What Smart Money Is Doing
Institutional investors are making clear sector rotations. According to fund flow data, the biggest moves over the past month include:
- Into: Energy (XLE), Defense (ITA), Gold miners (GDX), Utilities (XLU)
- Out of: Airlines, Consumer discretionary, Small-cap growth, Emerging markets
Tom Lee of Fundstrat remains bullish on equities overall, arguing that the risk-reward is "quite good" at current levels. His thesis: the market has already priced in the conflict, and any ceasefire deal would trigger a significant relief rally.
The contrarian play? Some value investors are quietly accumulating beaten-down airline stocks, betting that oil prices will normalize within 6-12 months and that carriers with strong balance sheets will emerge as winners. This is a classic value investing approach — buying when fear is highest.
Key Levels to Watch
The S&P 500 closed at 6,611.83 on Monday, just 3% below its all-time high. The market's resilience in the face of geopolitical uncertainty has surprised even the most bullish analysts. Here are the key technical levels:
- S&P 500 support: 6,400 (50-day moving average)
- S&P 500 resistance: 6,800 (all-time high from March)
- Oil support: $100 (psychological level)

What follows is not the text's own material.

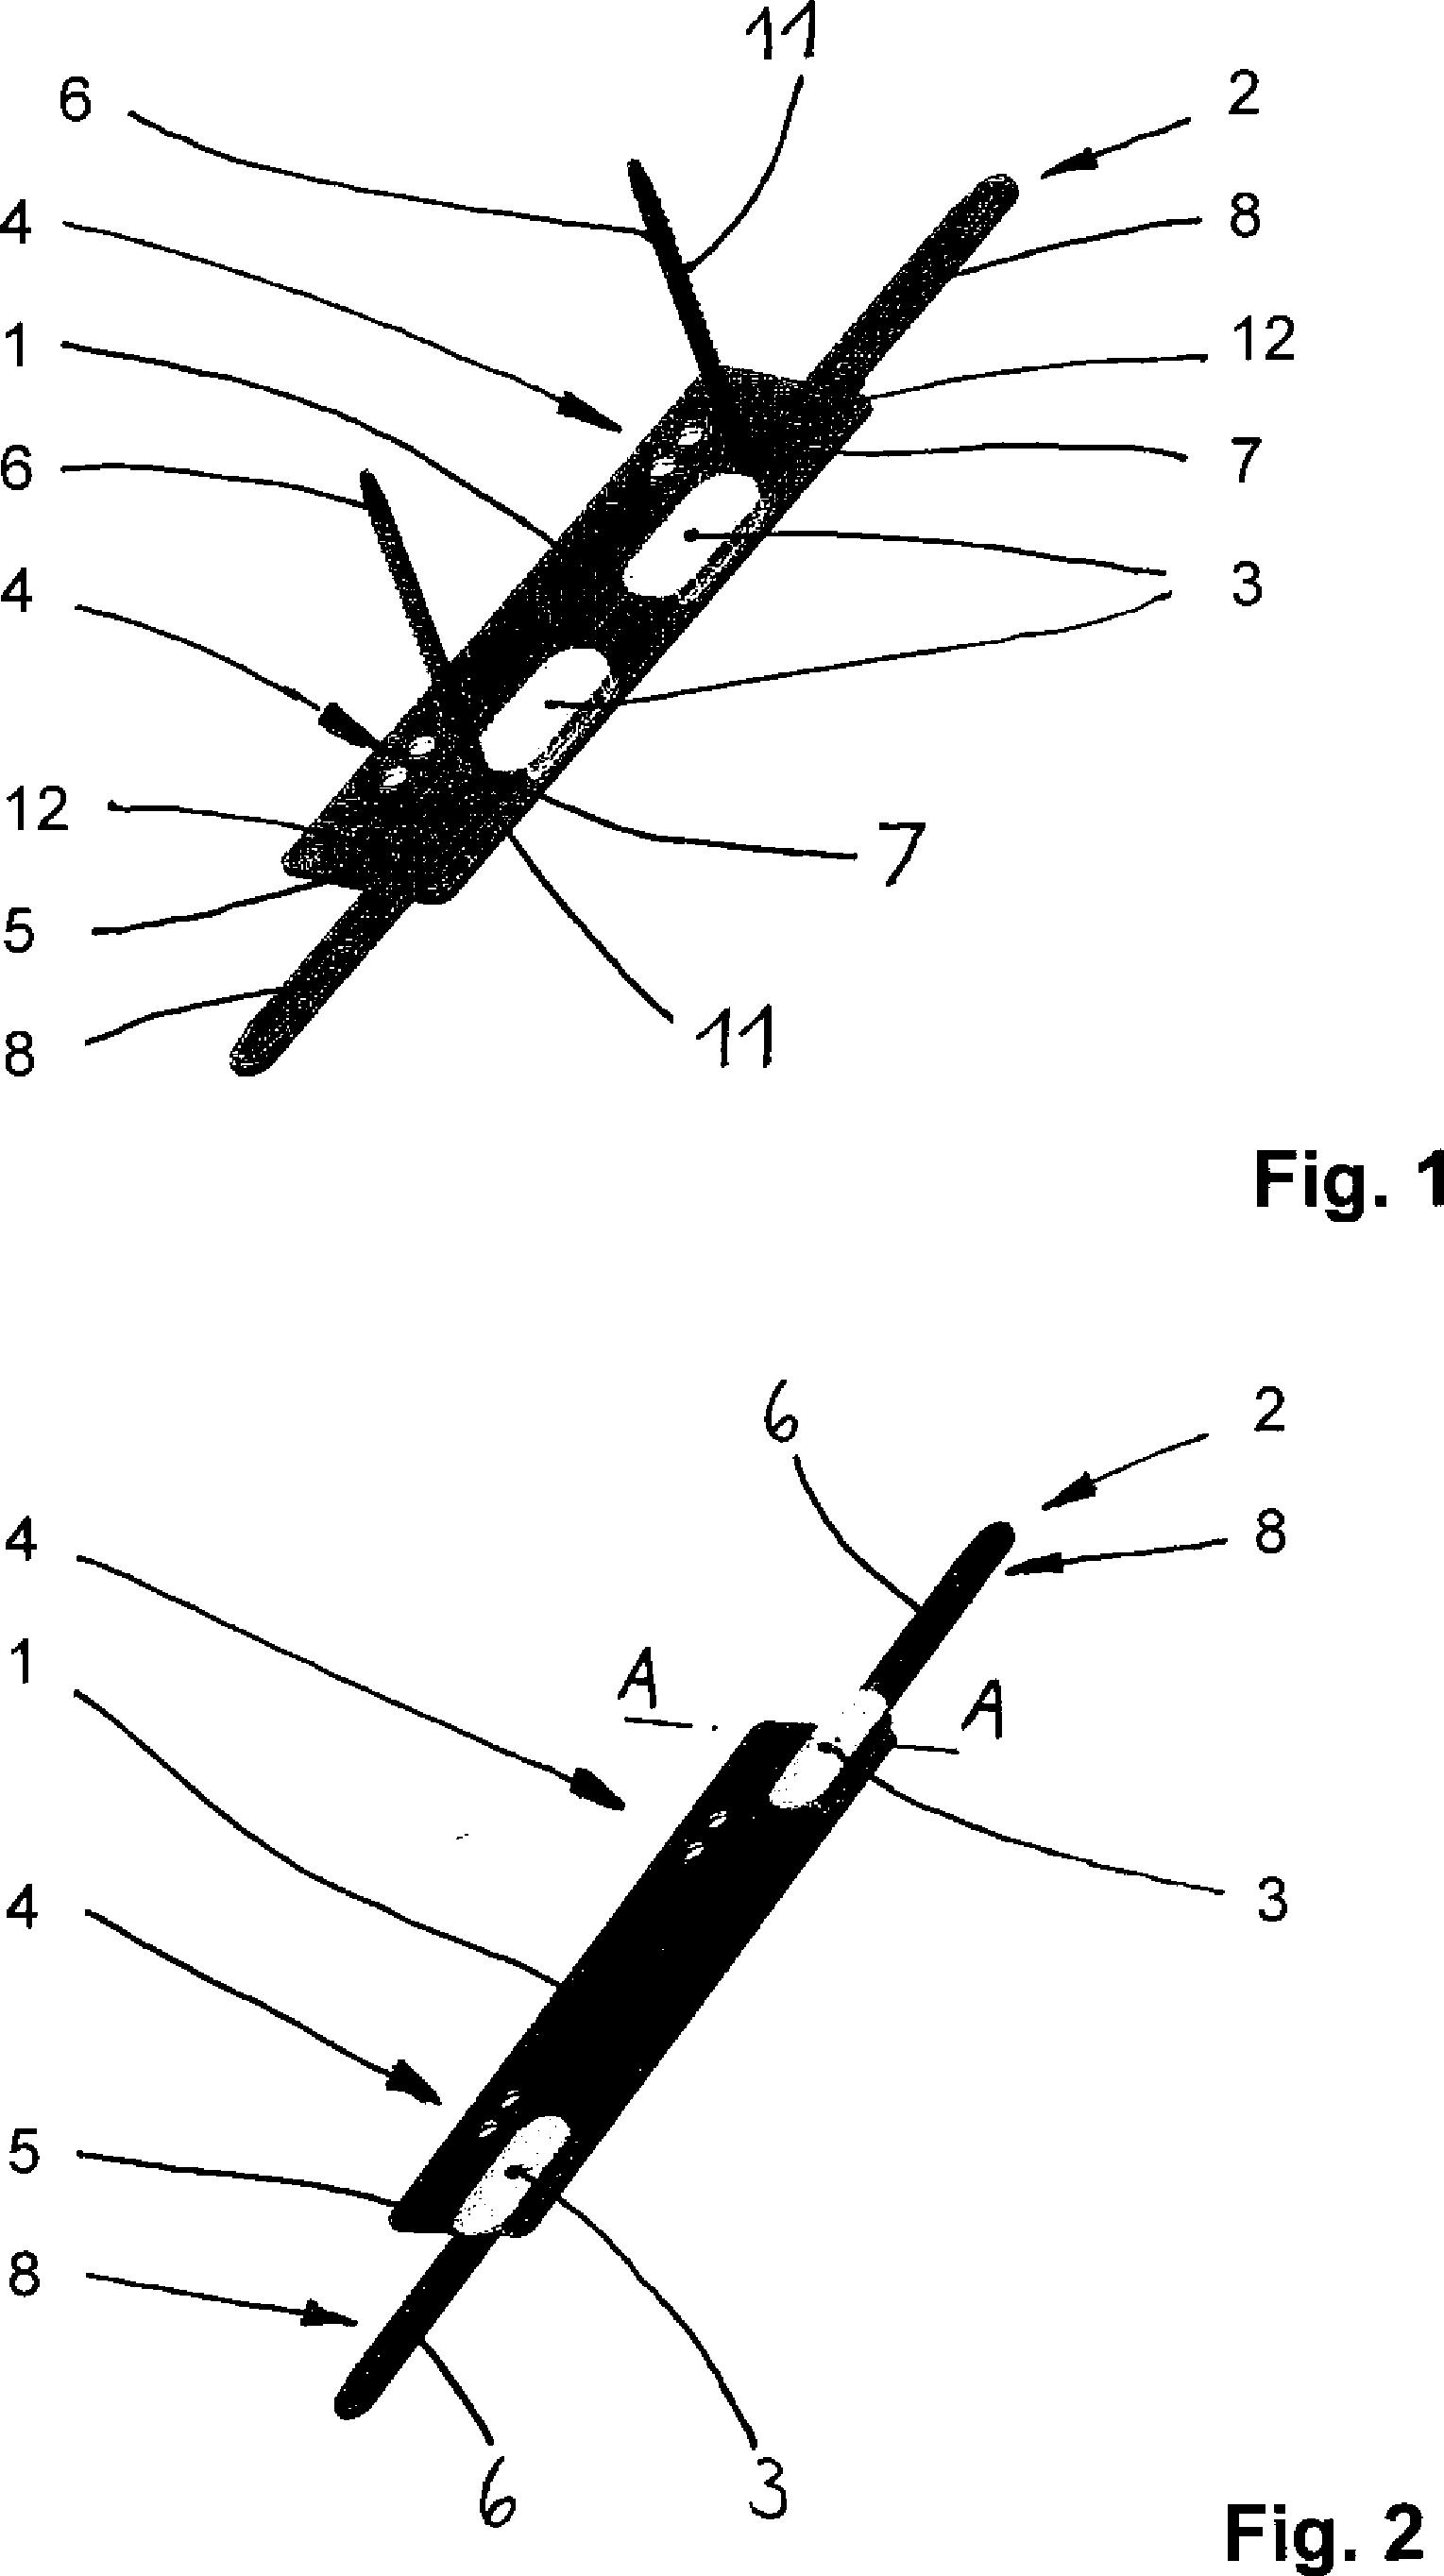 Heftstreifen für viele blätter  Patent DE202012103712U1 - Heftstreifen - Google Patents
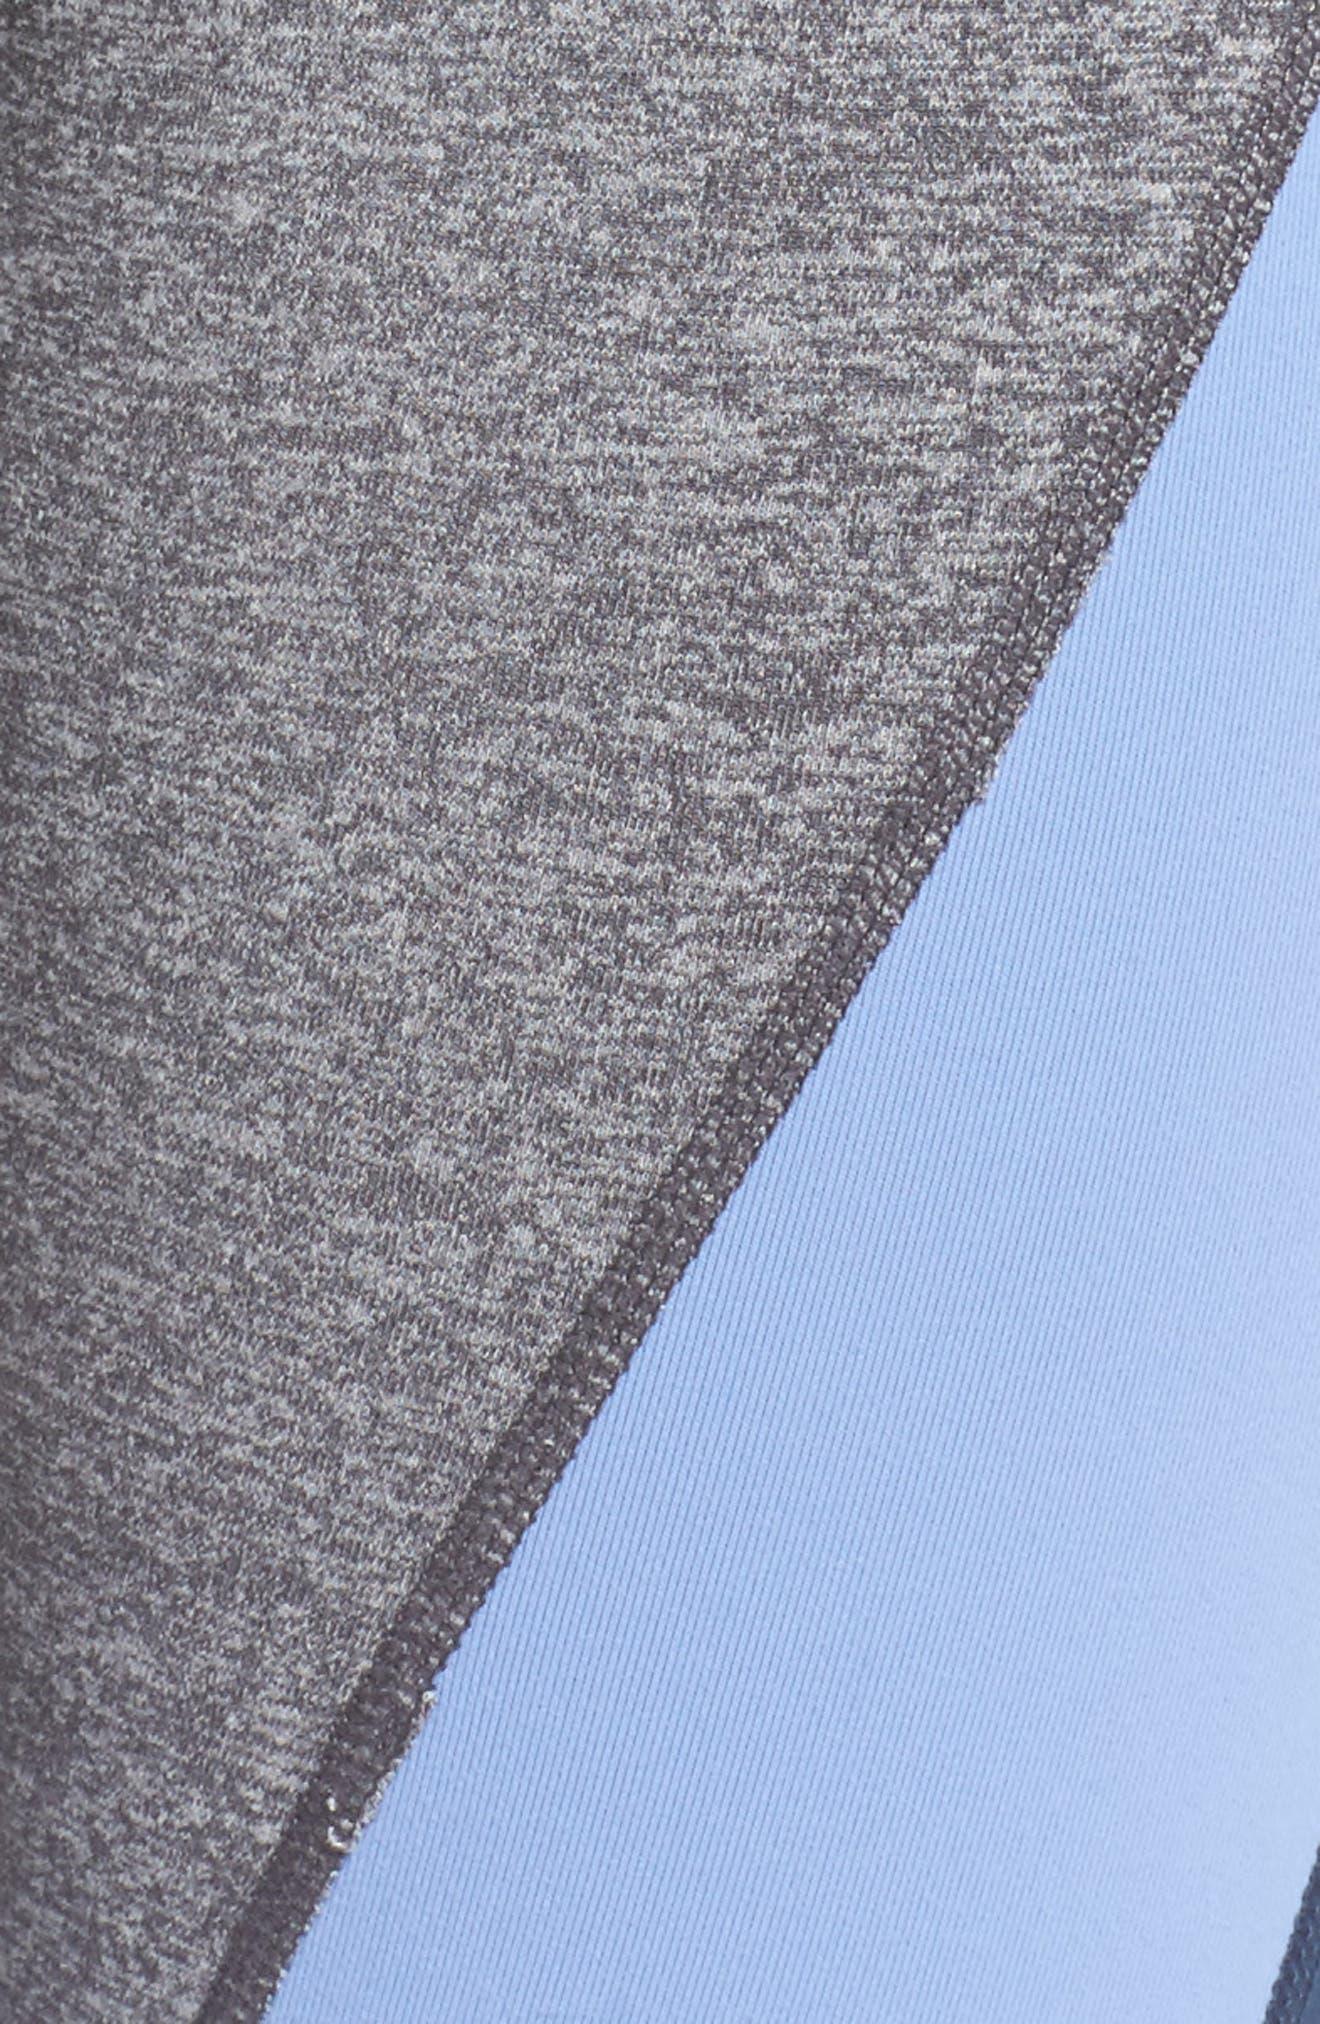 Get in Line High Waist Leggings,                             Alternate thumbnail 6, color,                             Grey Graphite Melange

- Oil resistance: $120 (2022 spike high)
For a deeper dive into reading these technical signals, check our guide on technical analysis.
What to Watch This Week
Several catalysts could move markets in either direction over the coming days:
- Tuesday: Trump's Iran peace deal deadline expires
- Wednesday: Delta Air Lines and Constellation Brands report earnings
- Thursday: March CPI data (consensus: +3.8% year-over-year)
- Friday: Bank earnings begin with JPMorgan Chase
The CPI data on Thursday could be the most market-moving event. With oil prices elevated, inflation expectations have risen sharply. A hot CPI print could force the Federal Reserve to pause its rate-cutting cycle, adding another headwind for equities.
Key Takeaways
The Iran conflict has created clear winners and losers across the market. Defense and energy stocks are thriving while airlines and consumer-facing companies absorb the pain of higher fuel costs. Despite the geopolitical uncertainty, the broader market remains resilient — the S&P 500 is up for four straight sessions.
For individual investors, the key lesson is one that legendary investors have preached for decades: geopolitical crises create dislocations, and dislocations create opportunities. Whether you are looking at beaten-down airlines or high-flying defense names, understanding the fundamental analysis behind each company matters more than ever.